The Cushing logjam has broken, and with its opening, North American oil has lost the bargain-basement status it has sustained for the past two years.
Since early 2011, oil producers in the United States and Canada have suffered from large discounts in the market – the trendsetting West Texas intermediate (WTI) was priced well below international benchmark North Sea Brent, while a larger-than-normal gap opened up between WTI and Canadian heavy crude.
The boom in U.S. tight oil production, on top of growing oil sands volumes from Alberta, created a glut at Cushing, Okla., a terminus that served as a traditional pricing-point for WTI but had virtually no pipeline access to the massive refinery capacity at the Gulf Coast. As a result, companies invested heavily in new transportation – pipelines, rail cars, barges, even trucks – to move landlocked North American crude to coastal markets where it would fetch international prices.
Now, that investment in transportation is providing a big payoff. Along with the stronger economic news in the United States, the increased ability to get western oil to markets on the U.S. Gulf Coast and East Coast is credited for driving North American crude higher, even as Brent prices lag.
With a big jump Thursday, WTI prices are now less than $1 below Brent – the smallest spread since late 2010. WTI rose $1.56 on the New York Mercantile Exchange Thursday to $108.04 (U.S.) barrel, its highest close in 16 months. Brent settled at $108.70, up 9 cents. Prices for Canadian heavy oil – Western Canada Select – have climbed even more quickly than WTI this year. Compared to a whopping $40 discount late last year, the WCS-to-WTI discount had narrowed to $16.50 a barrel Thursday, according to Net Energy Inc.
The increased amount of oil being shipped by rail was brought into sharp relief after the disaster at Lac-Mégantic, Que. A train carrying crude headed for Irving Oil Ltd.’s Saint John refinery derailed and exploded, killing an estimated 50 people. The industry will no doubt face increased safety requirements that will drive up costs.
In addition to an increase in rail capacity, pipeline companies have made progress in connecting landlocked production to markets. Enbridge and its U.S. partner – Enterprise Products Partners LP – opened the key Cushing bottleneck with the reversal and expansion of the Seaway pipeline, while TransCanada Corp. is currently building the southern leg of its planned Keystone XL line, which it says will be needed regardless of the U.S. decision on the controversial oil sands pipeline.
“With oil from the northern part of the continent down to the Gulf Coast, the demand for imported oil is falling rapidly,” said Earl Sweet, senior economist at BMO Nesbitt Burns. “All this investment is helping to reconnect WTI with global prices and getting rid of a discount that reflected the fact that transportation infrastructure hadn’t matched production growth.”

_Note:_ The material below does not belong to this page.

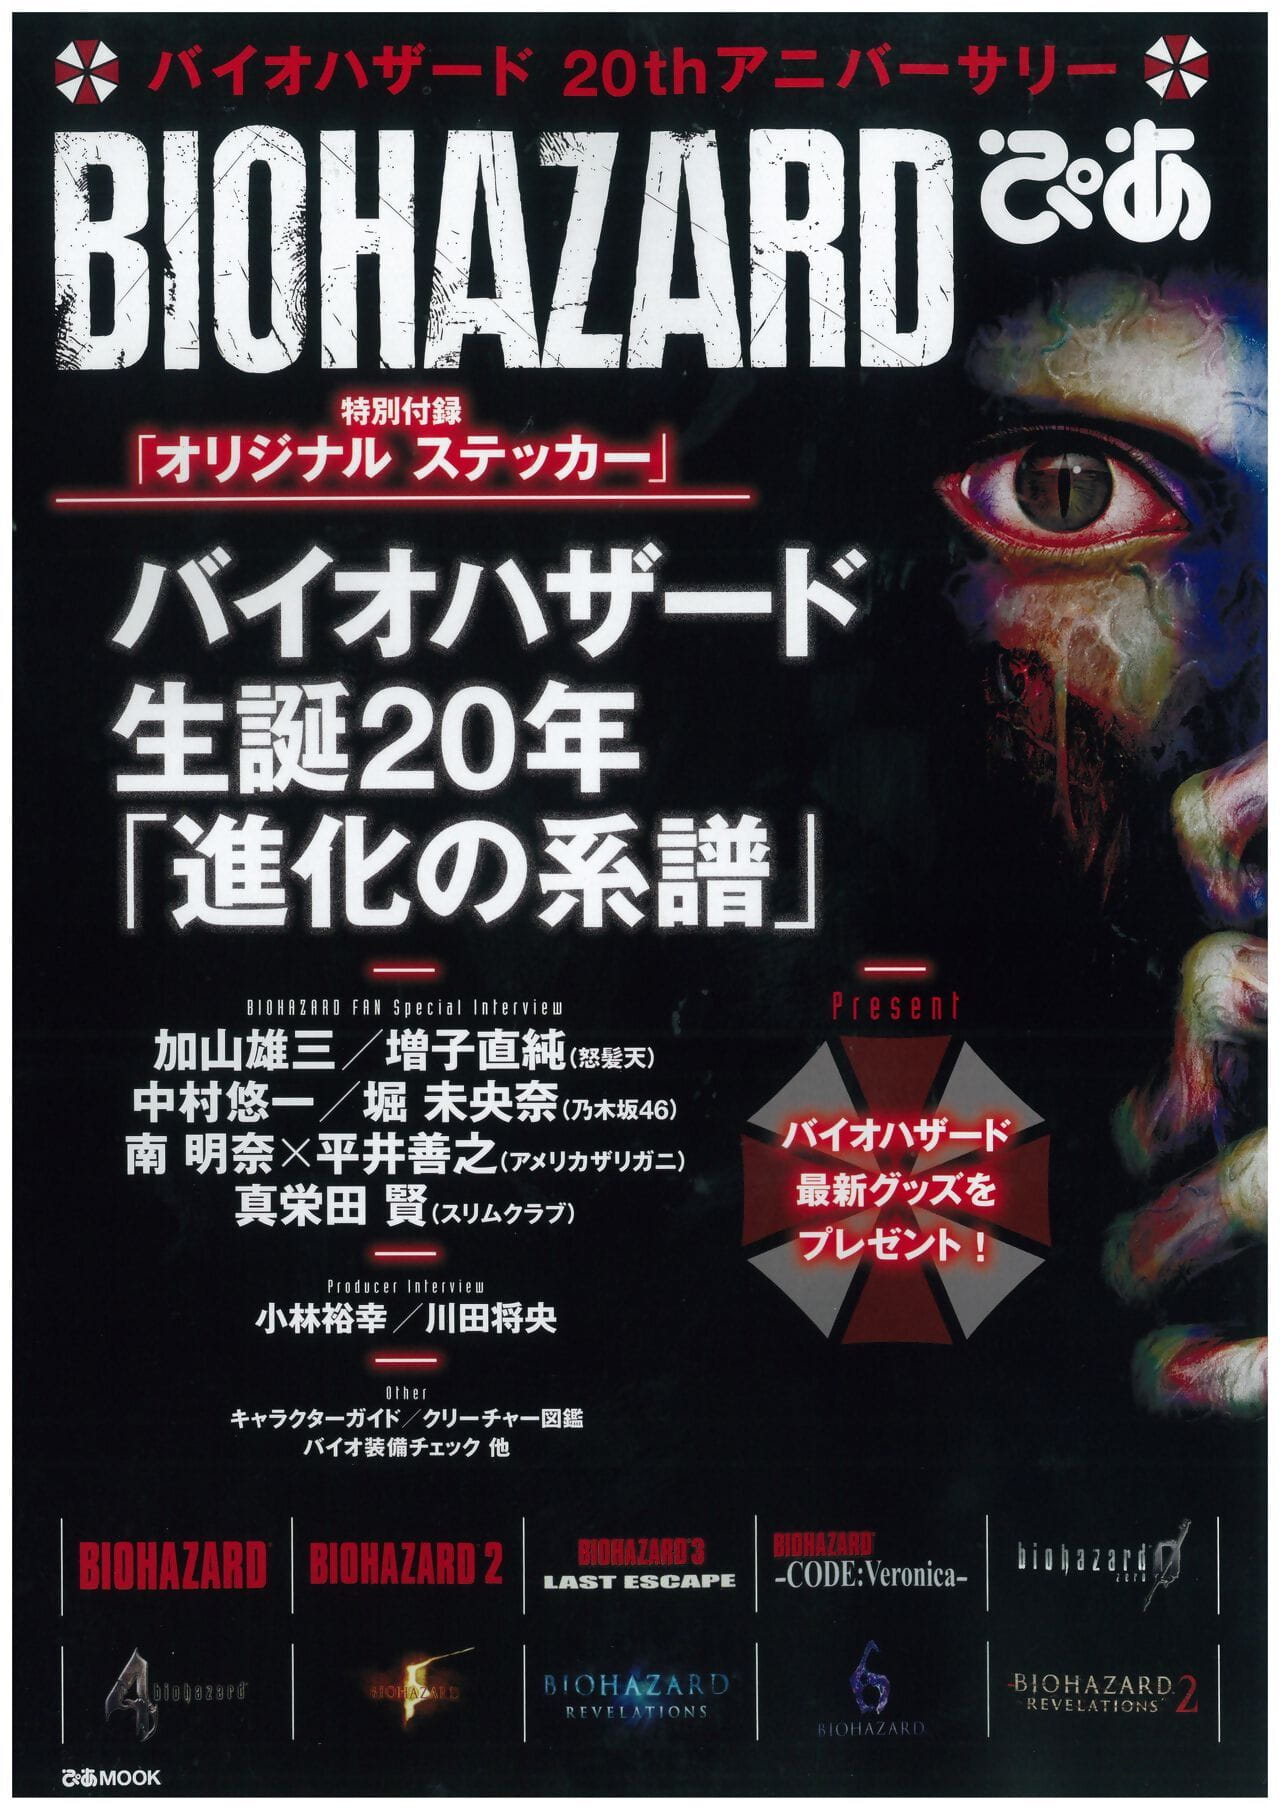 BIOHAZARD 20th Holy day book（1996.3.22-2016.3.22）
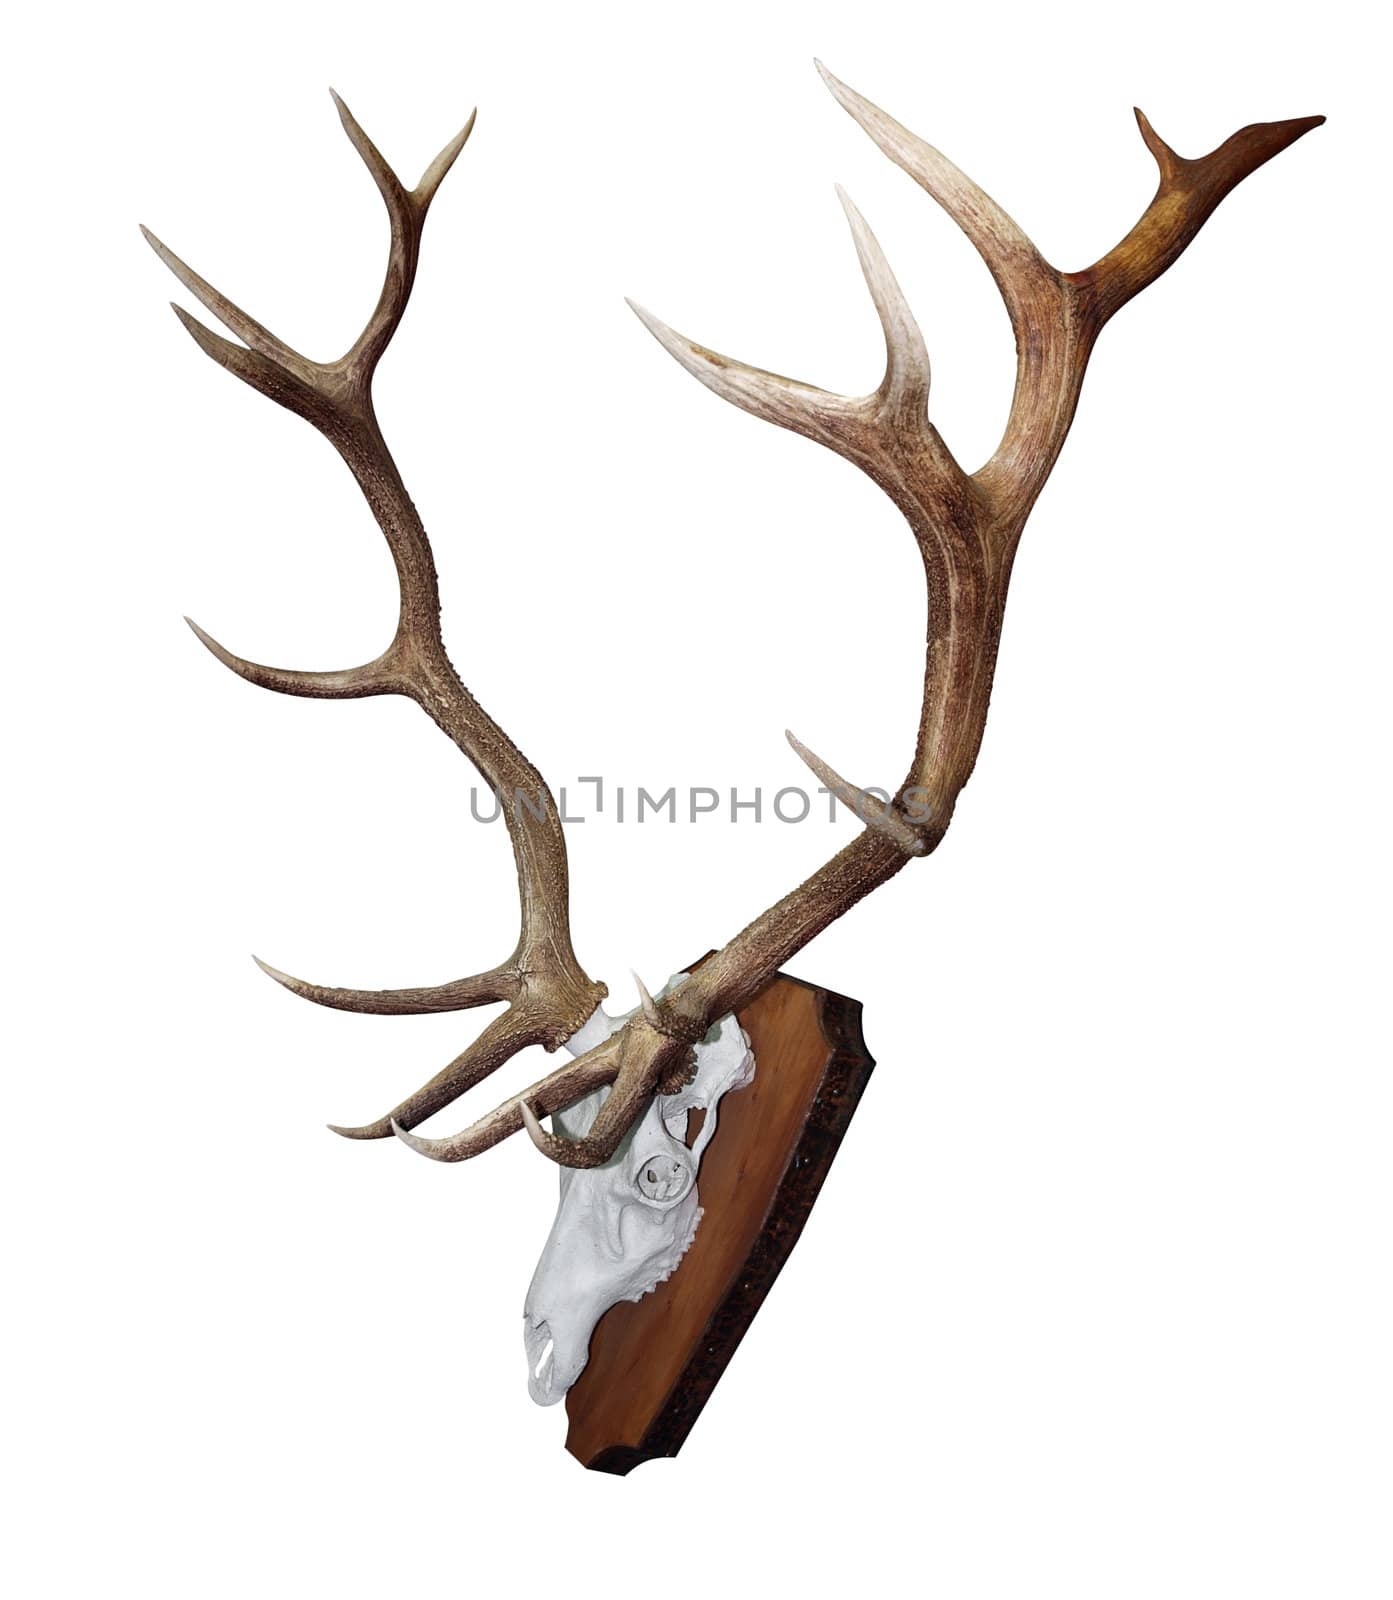 15 Point Mounted Stag Horns isolated with clipping path

As a result, once-bulging inventories at the Oklahoma terminus are rapidly shrinking. “They’re draining the swamp at Cushing,” oil economist Jim Williams said Thursday.
But the rise in North American prices against the global benchmark also represents a growing sense of optimism in the U.S., while Europe remains in recession and even emerging markets like China – whose economic strength once fuelled global oil markets – now show signs of weakness.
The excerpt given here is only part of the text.